Much like his predecessors, Mark is no stranger to high altitudes, extraordinary life experiences, and a passion for climbing. The climbing bug hit Mark hard at age 15. As an adolescent he took every opportunity he could to get out into the Olympic and Cascade Mountains of Washington State to stretch his skills. If opportunities didn’t come his way, he created them, rounding up friends to join in on the fun. Later, with a degree in Environmental Science in hand, Mark eschewed traditional employment and instead went off to pursue the world’s peaks.
Like many a climber, Mark supported his passion by cobbling together jobs whose common thread was often adventure. He worked as a fisheries biologist on Korean fishing boats in the stormy Bering Sea, wrote for climbing publications, taught skiing, and worked on conservation projects in South America, just to name a few. Then came guiding…
“The Silent Comeback” — read Alan Arnette’s interview with Mark about Mountain Madness and Face the Current interview.

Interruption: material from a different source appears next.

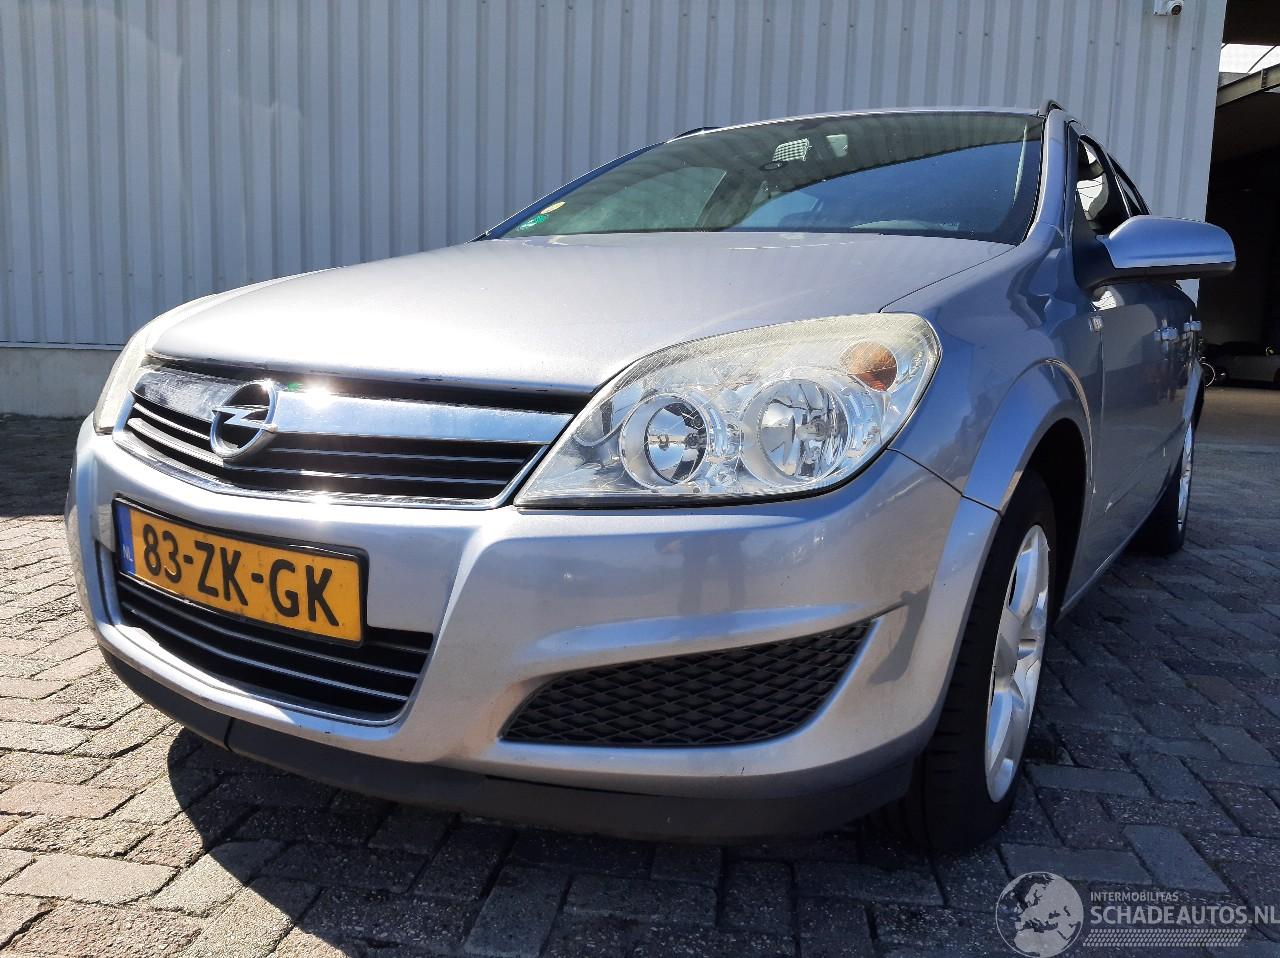 Opel Astra Astra H SW (L35) Combi 1.9 CDTi 16V 150 (Z19DTH(Euro 4)) [110kW]  (09-=
2004/10-2010)

Mark started guiding in 1987 and has since led trips on all seven continents, reaching the highest peaks on six. He started working with Mountain Madness in 1994. In addition to guiding, he developed the company’s programs in South America, strengthened the guide standards, and eventually managed all day-to-day operations during Christine Boskoff’s often lengthy climbing expeditions.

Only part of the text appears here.